*** DATA FOR PROCESSING ***

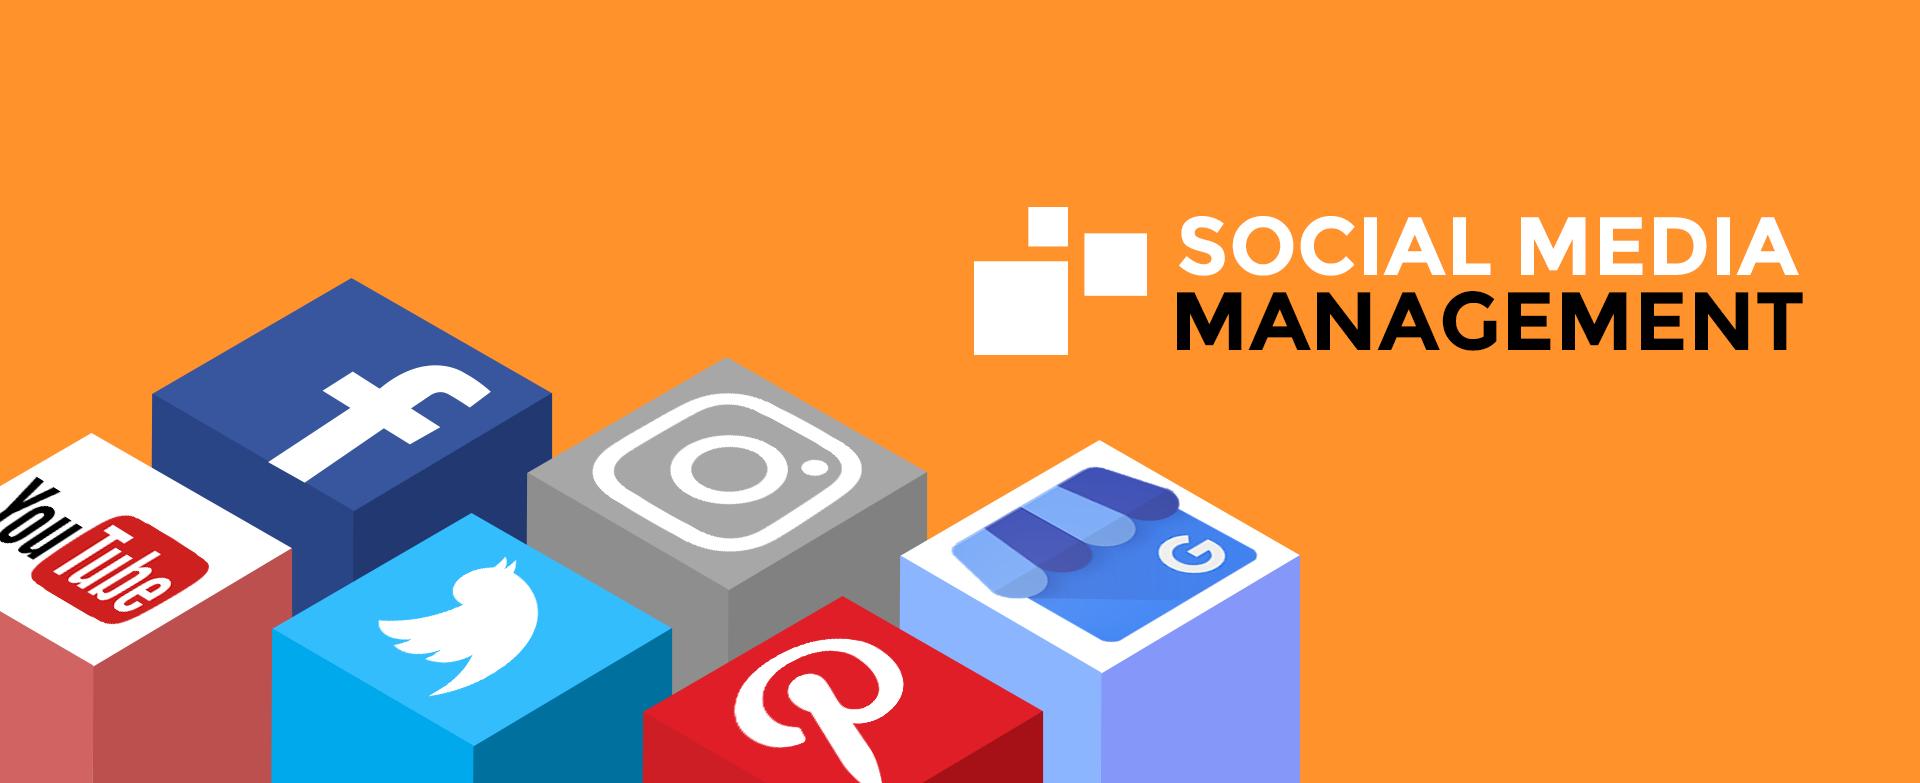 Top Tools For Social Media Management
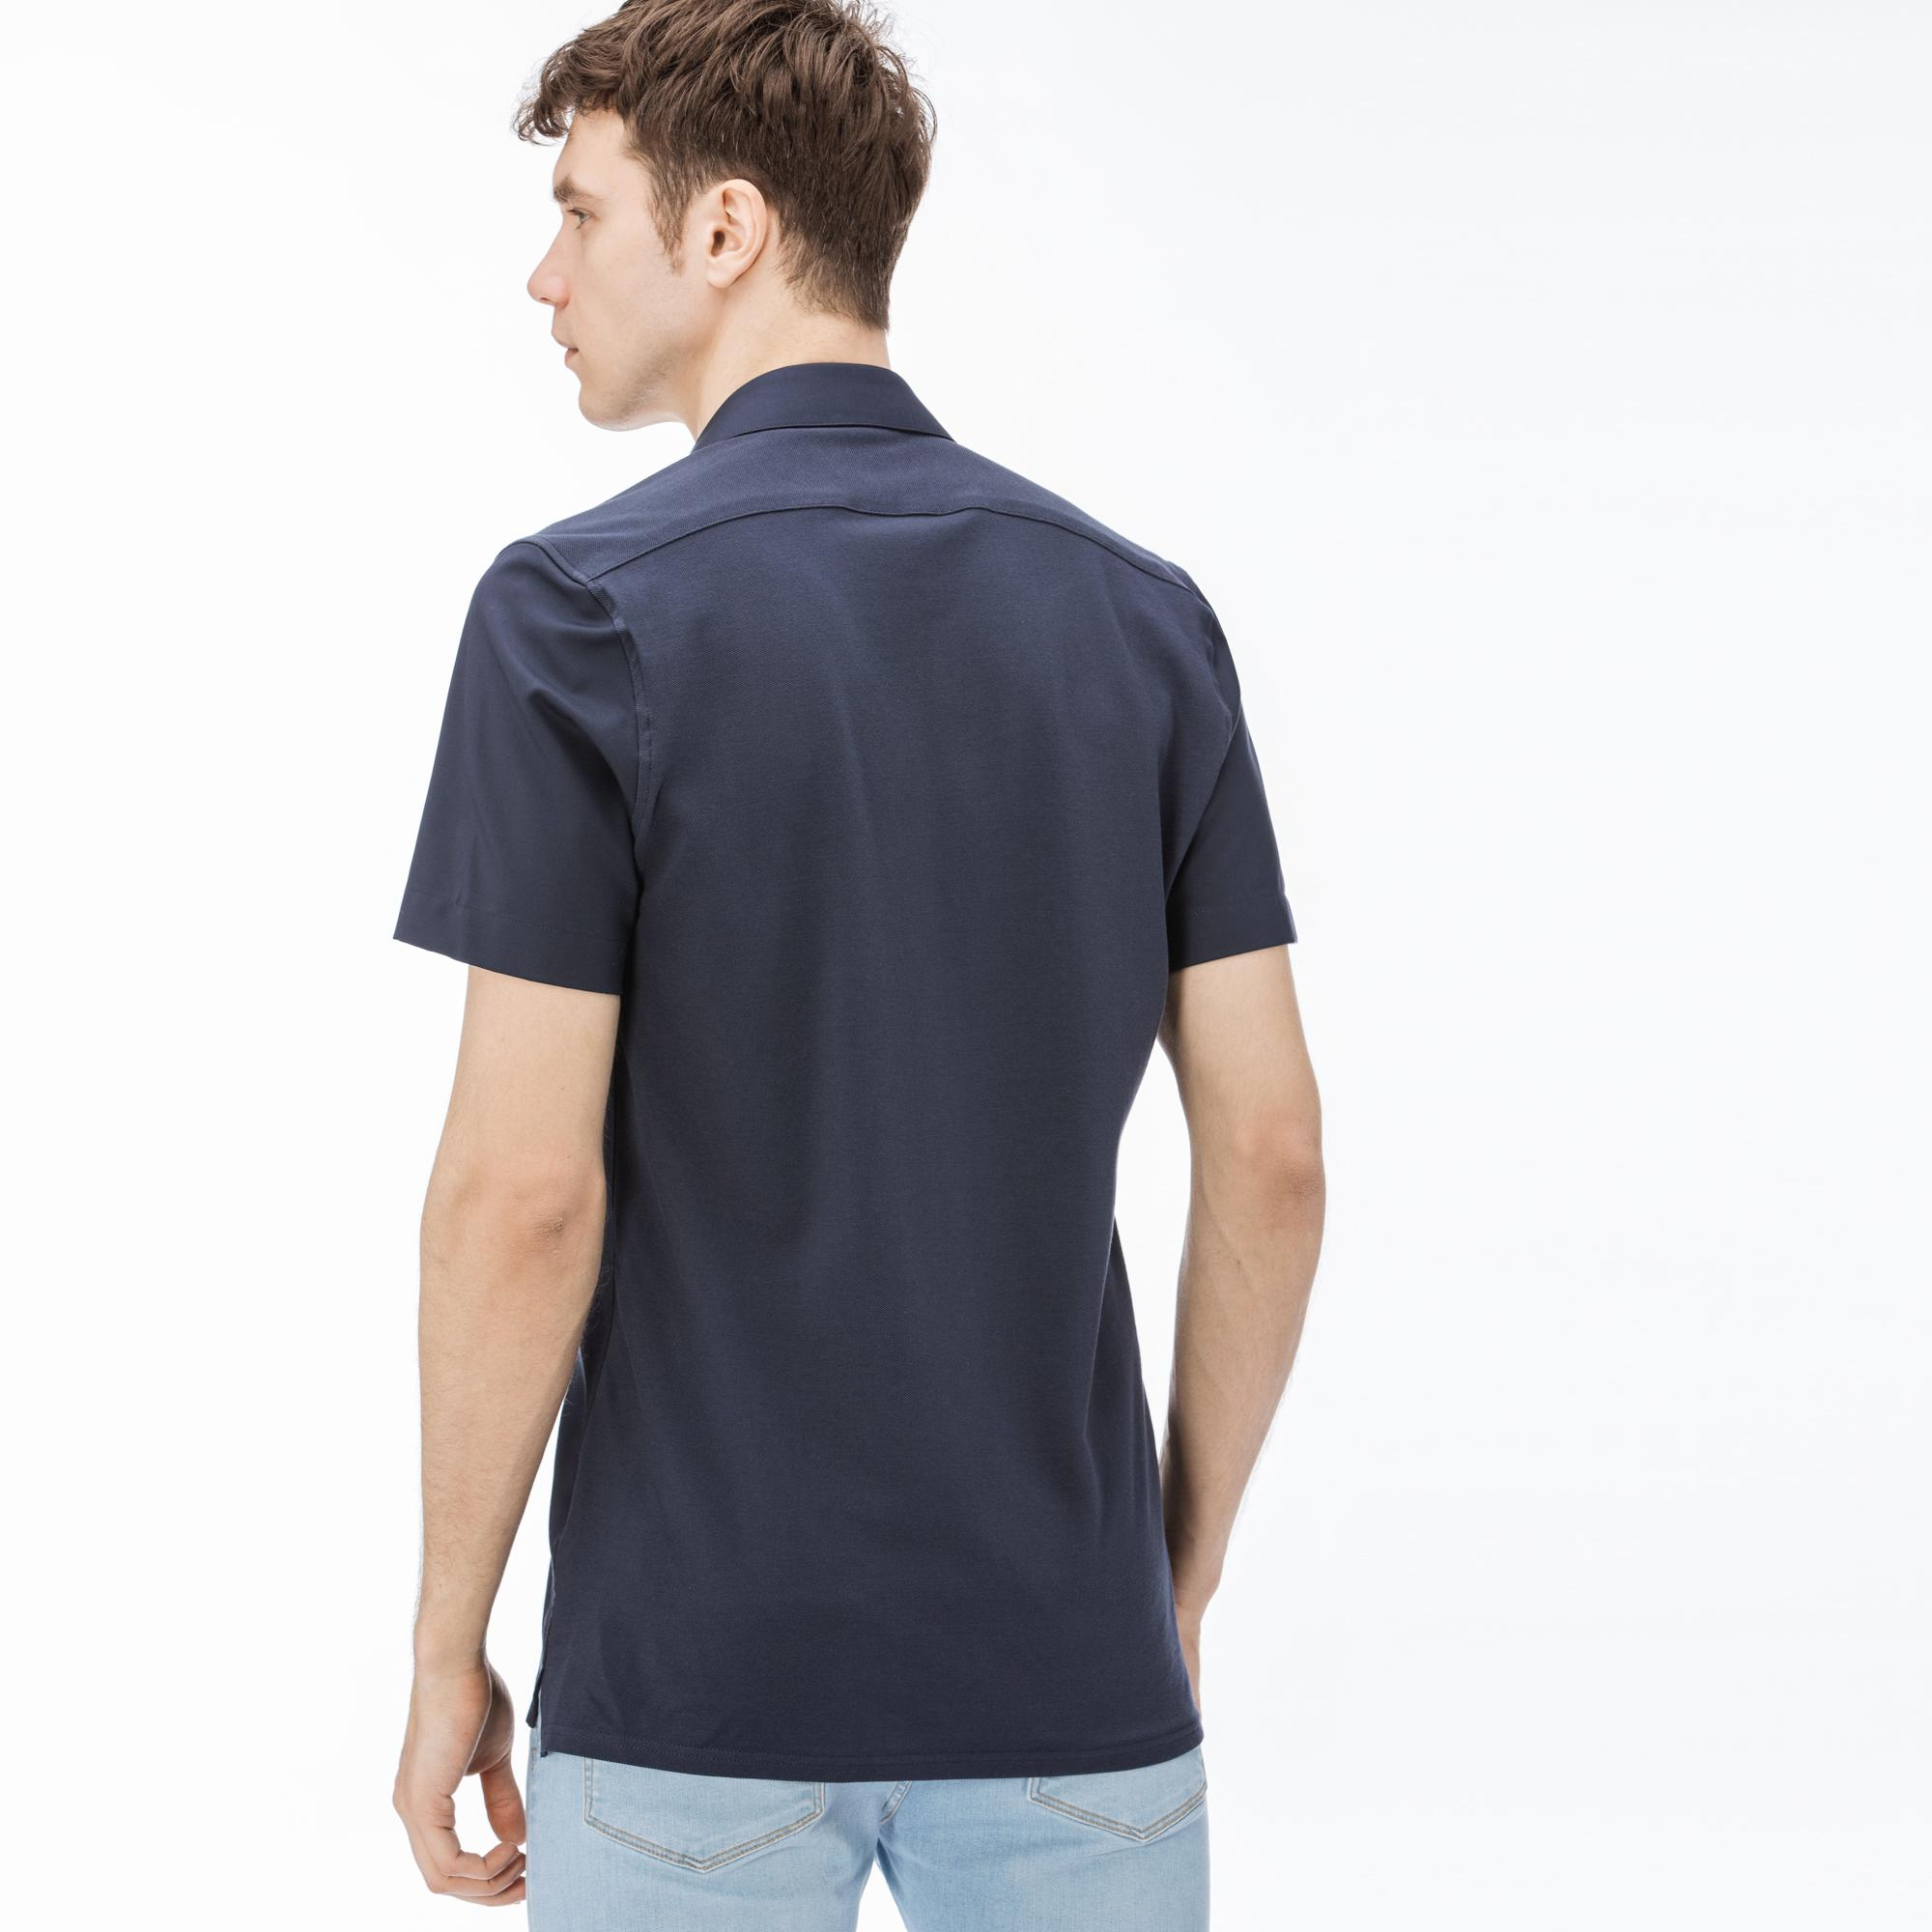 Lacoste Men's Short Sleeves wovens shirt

*** End of DATA FOR PROCESSING ***
*** DATA FOR PROCESSING ***

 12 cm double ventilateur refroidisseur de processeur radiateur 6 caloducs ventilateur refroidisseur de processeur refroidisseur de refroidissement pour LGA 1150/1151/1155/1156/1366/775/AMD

*** End of DATA FOR PROCESSING ***

Working from the data above, repeat exactly, and only, the lines that begin at the line containing "Top Tools For Social Media Management" and stop after the line containing "Lacoste Men's Short Sleeves wovens shirt"; pictures are not copied.

 Top Tools For Social Media Management
 Lacoste Men's Short Sleeves wovens shirt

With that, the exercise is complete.